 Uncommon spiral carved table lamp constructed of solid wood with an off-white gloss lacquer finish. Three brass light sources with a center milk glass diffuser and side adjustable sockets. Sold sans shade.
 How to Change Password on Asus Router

....

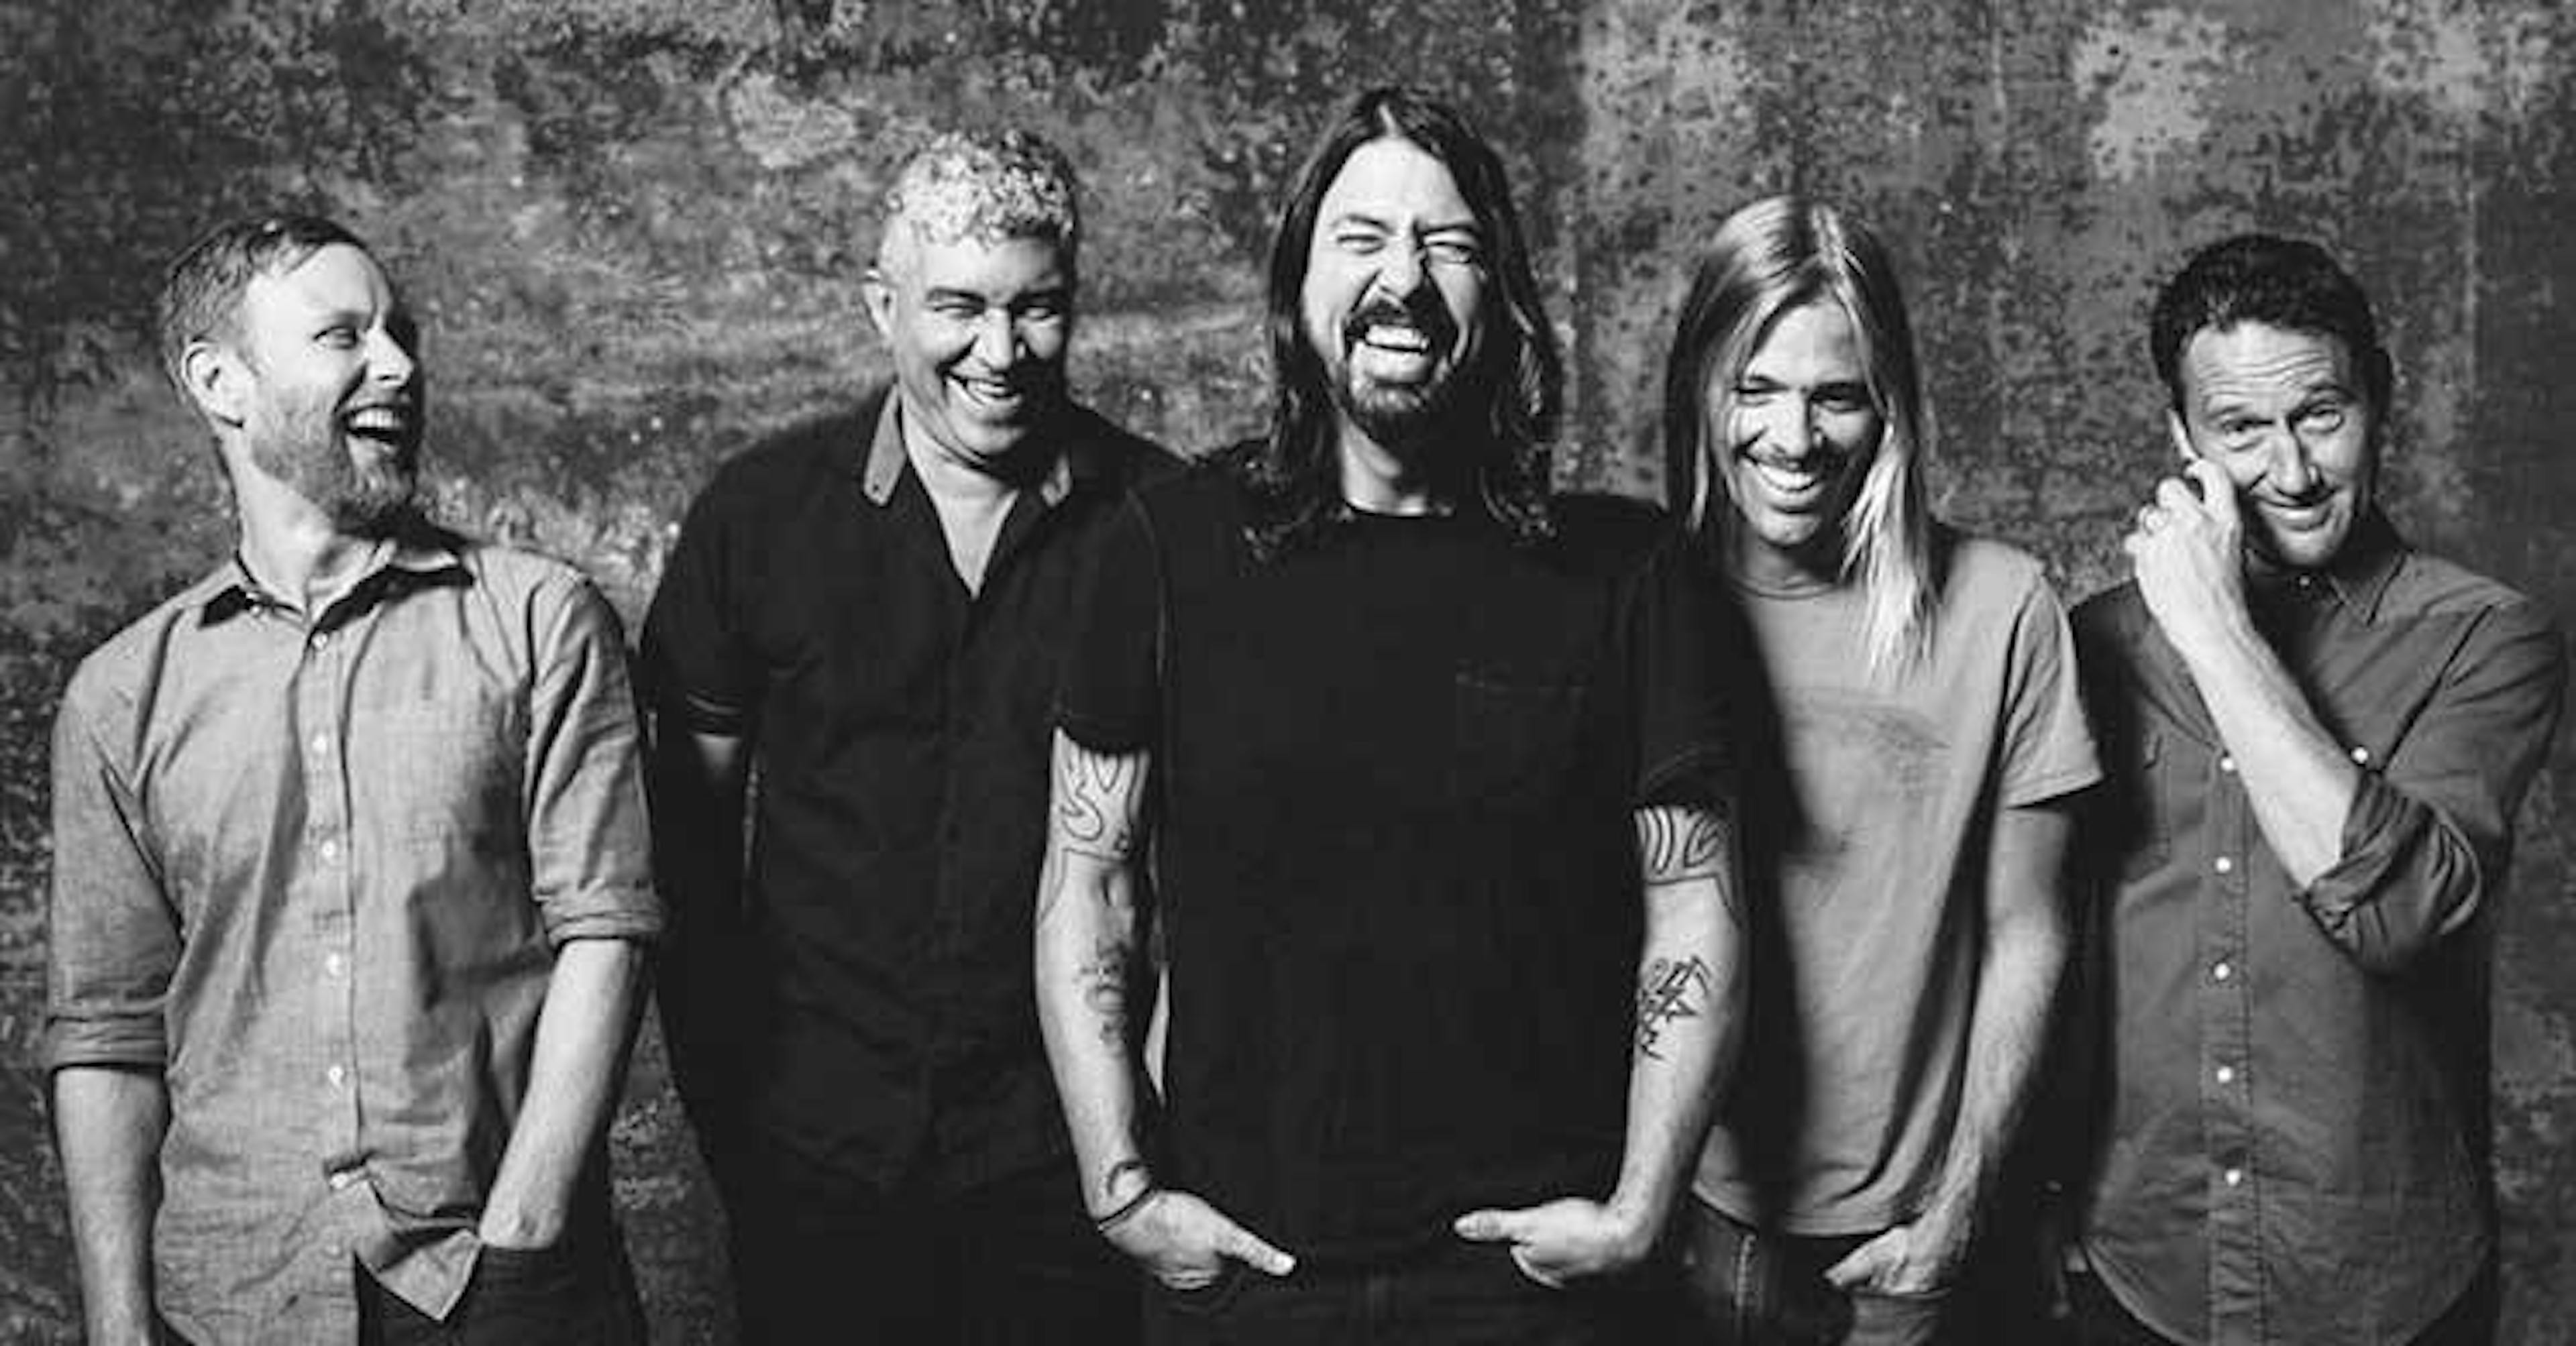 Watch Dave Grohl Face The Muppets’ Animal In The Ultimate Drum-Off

....

• [WHAT YOU WILL DO]: Referring to the material above, set down exactly the lines between the line with "Uncommon spiral carved" and the line with "How to Change Password on Asus Router", inclusive, and no other lines.

• [OUTPUT BELOW]:
 Uncommon spiral carved table lamp constructed of solid wood with an off-white gloss lacquer finish. Three brass light sources with a center milk glass diffuser and side adjustable sockets. Sold sans shade.
 How to Change Password on Asus Router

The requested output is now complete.